I have a four year old boy who is “mostly” potty trained. His pee pants to non- pee pants ratio is pretty low.
As a parent you know there is that glorious moment, when you know you no longer have to kneel in urine soaked floors or wipe a poop butt any more. I think there should be a potty trained quince Nero, complete with a mariachi band, piñatas filled with never used wipes and plenty to drink. It’s worth celebrating.
You think it’s the glorious end, however if you have a boy, it’s just half time. Though he barely pees in his pants, aim is another issue.
I’m sure in the “caveman days” Mr. and Mrs. Thag Caveman didn’t have to worry about aim. They would just take their cave boy out side the cave, point him at a tree, shrub or Mastodon and let him do his business. No fuss, no muss.
Now in the “post caveman” days, aim is a big deal, or when you are four no aim is a better description. Everything distracts this kid, which leads to pee on the floor, pee on the bowl, pee on the basin, pee on the wall and in one strange incident, pee on the toilet paper!
I have a friend whose wife is convinced that their toilet is broken because there is always pee on the floor next to the base of the toilet.
You can only “help aim” for so long, before you have to take drastic measures.
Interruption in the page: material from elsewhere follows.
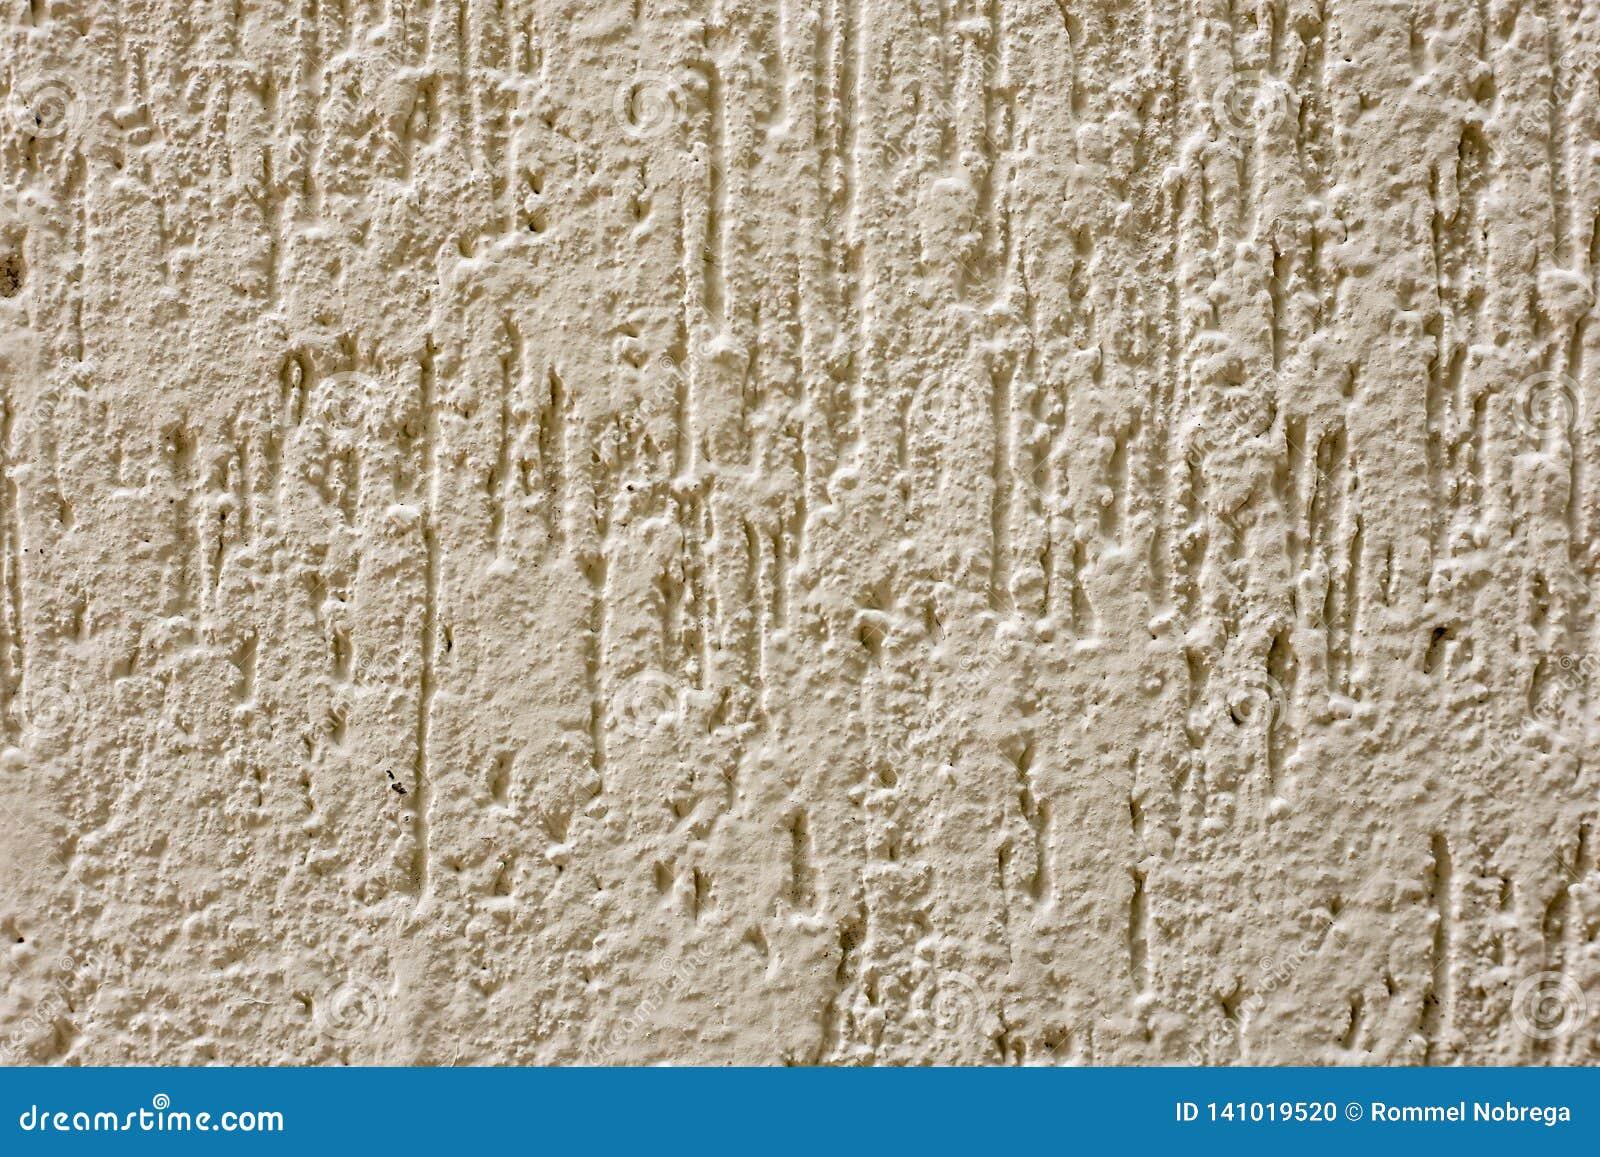 Muur met witte textuur

I have tried standing next to him and saying “aim buddy aim.” That only leads to him looking up at me and pee ending up on the wall. I have tried bribes, threats and gifts, none of it works for that long and the pee flies free.
A few things to remember. Guys aren’t that great at aim. At 45, peeing is one of the few things I can do completely with my eyes closed. I wake up stumble to the bathroom, feel my shins hit the bowl and let fly. If I hear water, great, if I don’t a shift and keep going
The “pee shiver” is a unknown and uncontrollable phenomenon that happens when you least expect it and sends pee flying everywhere. It’s like a mini- pee seizure that starts at your penis and flies up your spine, making your whole body convulse, the result, pee flying every place, like an escape fire hose.
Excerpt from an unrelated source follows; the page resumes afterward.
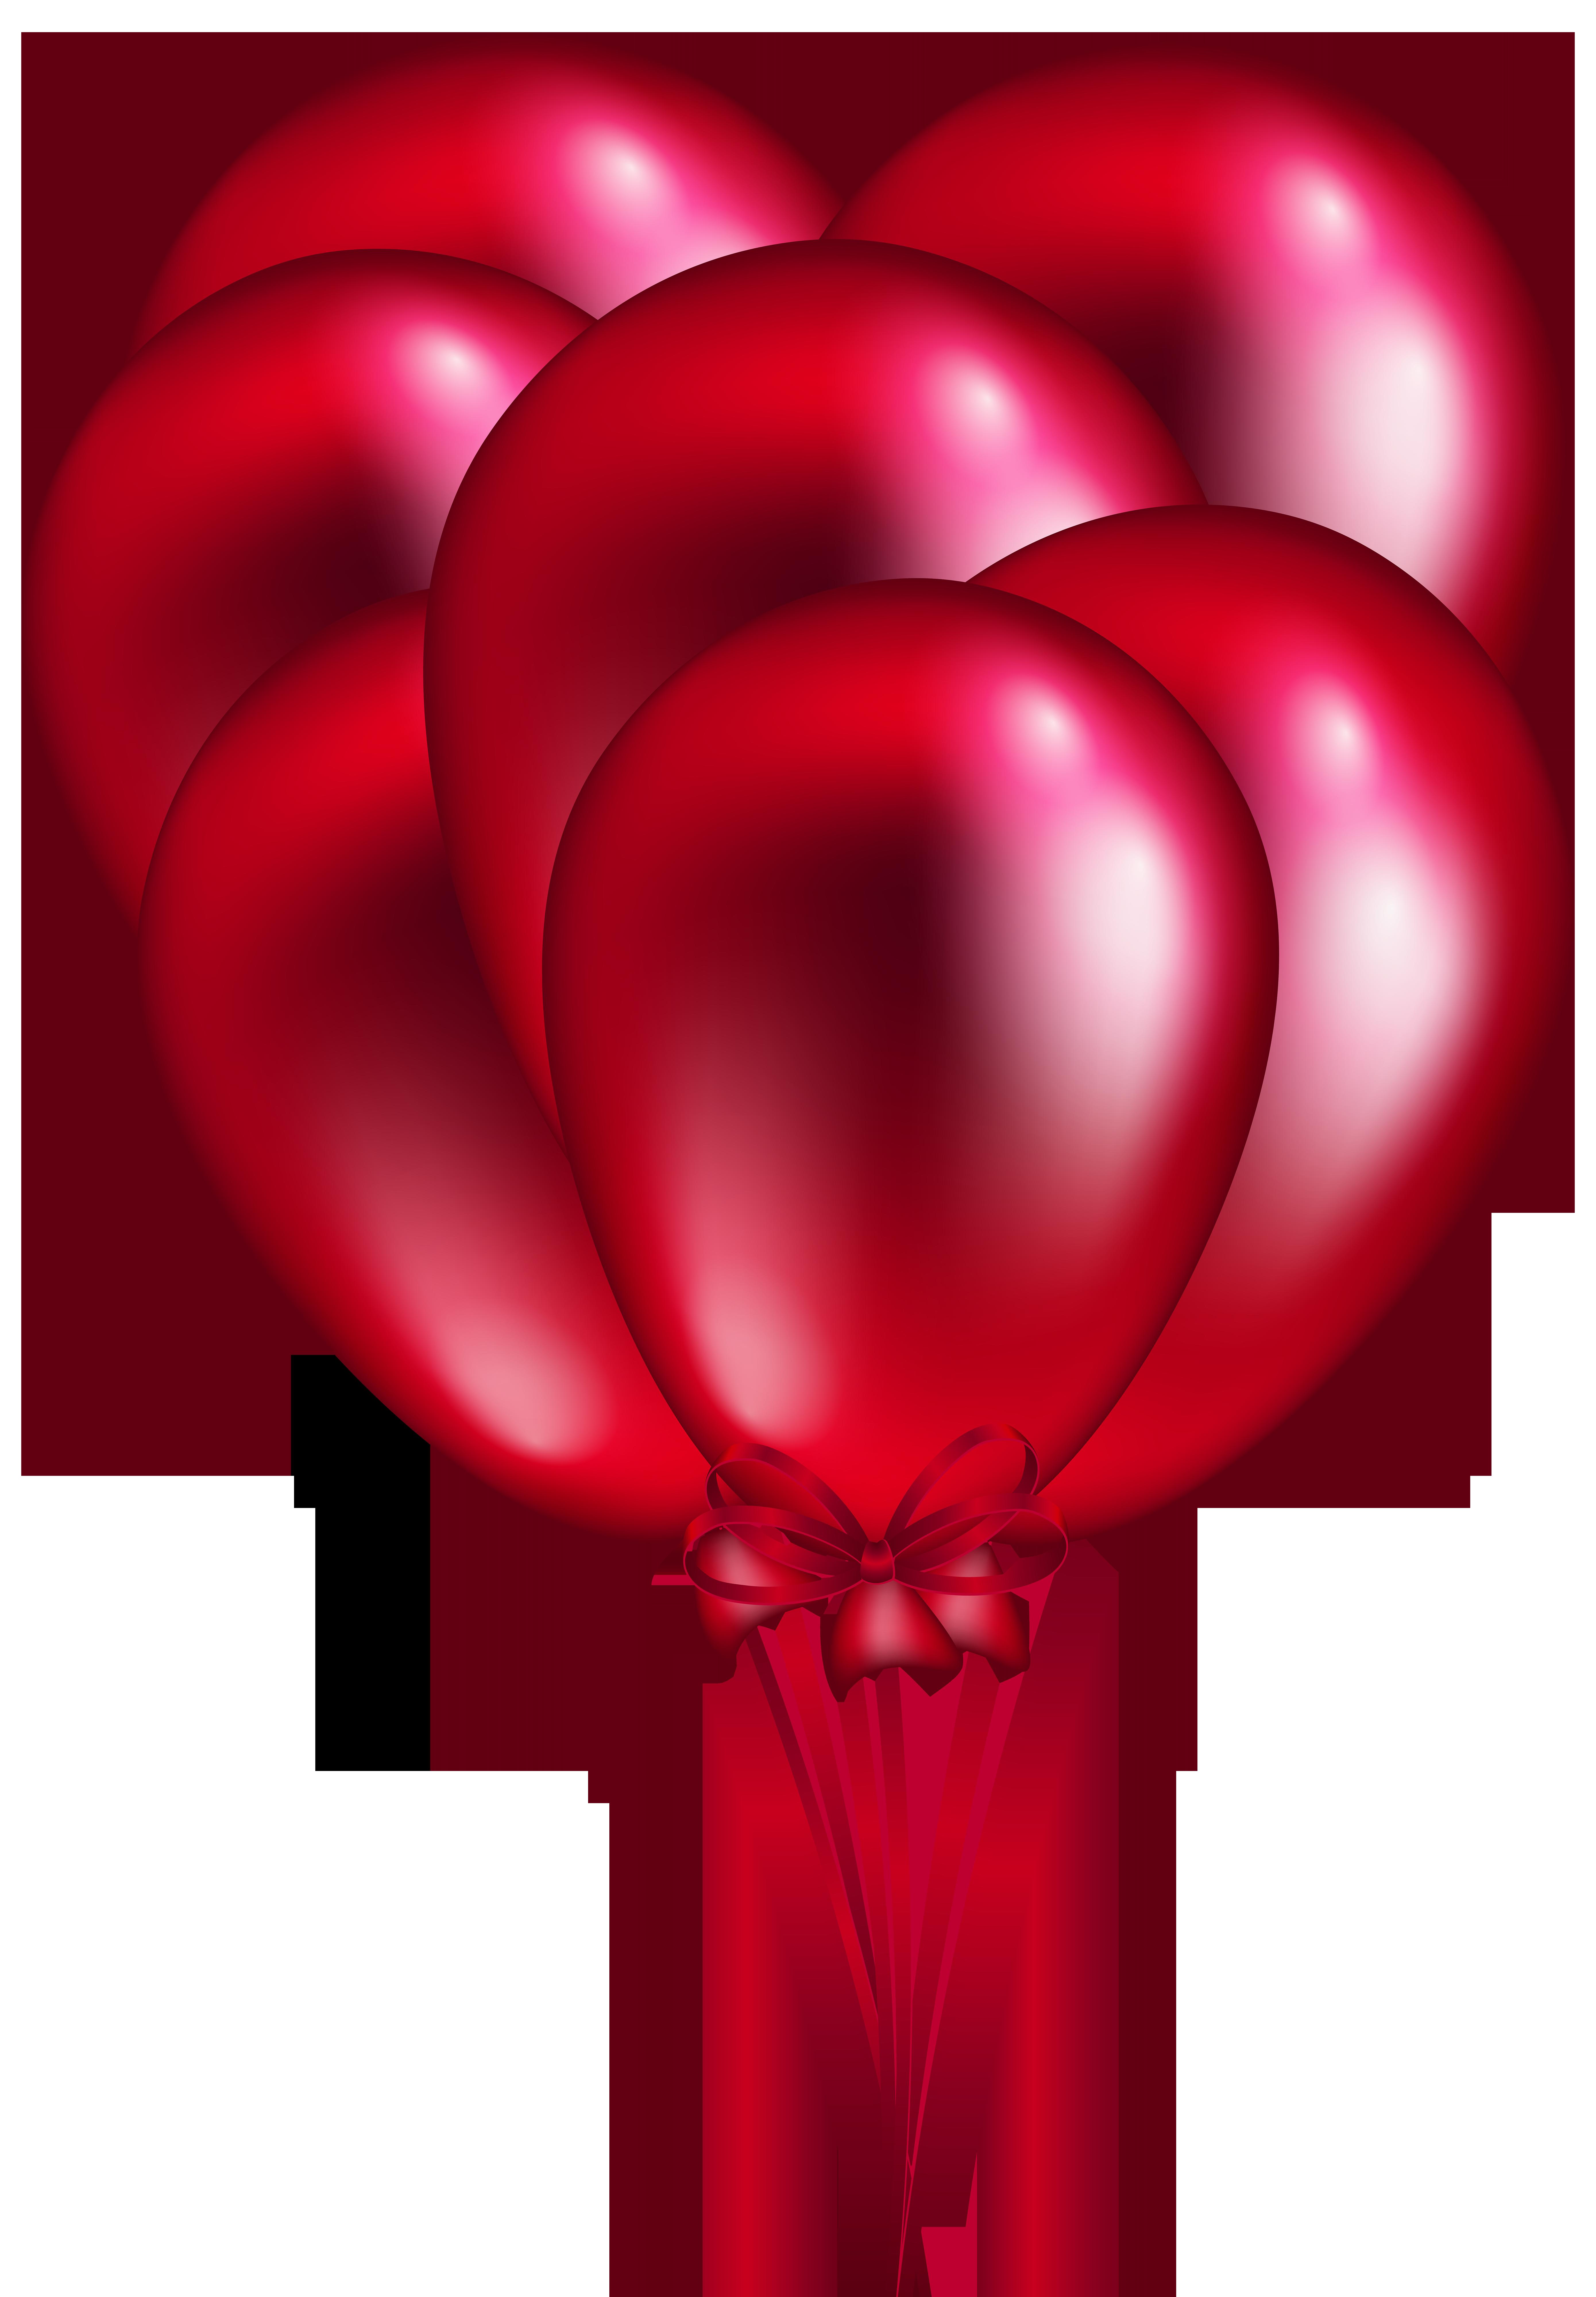 5558x8000 Red Balloon Bunch Png Clip Art

Aim is not our strength. We won’t even get into that weird split stream that happens for no reason. Who the heck knows what causes that? Too many sun flower seeds?
To help with aim, I have come up with two things that really work well. First, “the Pee game.” Kids like games and “The Pee Game” started when I was cleaning up stray pieces of dog food on the floor. I tossed a piece into the toilet and thought “ this would make great target practice?” As I knocked that piece of kibble, or maybe it was a “bit” across the bowl, it hit me, “ this is fun, I wonder if it would work with a Cheerio?” Several glasses of water later, it did in fact work with Cheerio!
Later that day, I announced to my son that I had a new game! I have never watched him concentrate so intently before, he was aiming at the Cheerio and all of the pee stayed in the bowl! He was amazing and I didn’t have to clean up after him. Now we keep a small bowl of Cheerios next to the toilet, he can work on his aim and have a snack at the same time.
Next is the pee light. I wake him up in the middle of the night to pee. We are working our way out of pull ups and a mid- sleep pee is always a good way to keep the sheets dry. At first I would keep the bathroom light on, which made his eyes hurt, which made him close his eyes and resulted in a pee-nami (pee all over the village).
As I looked at different night lights, there were a lot of cool options, from the basic light to a laser in the bowl. These are all between $10-$30 bucks and seem like a lot to keep your floor from smelling like the toilets at North Avenue Beach.
I found normal, LED hallway lights at Target for $7, they have little light sensors on them that turn the light on when it gets dark and you can aim them. I plugged them into the bathroom socket, aimed them and boom, enough light to see, the bowl is lit up and he can do his business. Less work for daddy in the AM. If you feel crazy productive, you can run an extension cord to hang the light directly over the toilet, use some duck tape to hold it up and you have a pee spot light.
Unless they make the troths at Wrigley a household thing, aim is never going to be something guys master, however these two tricks will help your little guy master the idea of aim, provide them with a little fun and snacks!
What have you tried to help your kids keep it in the bowl?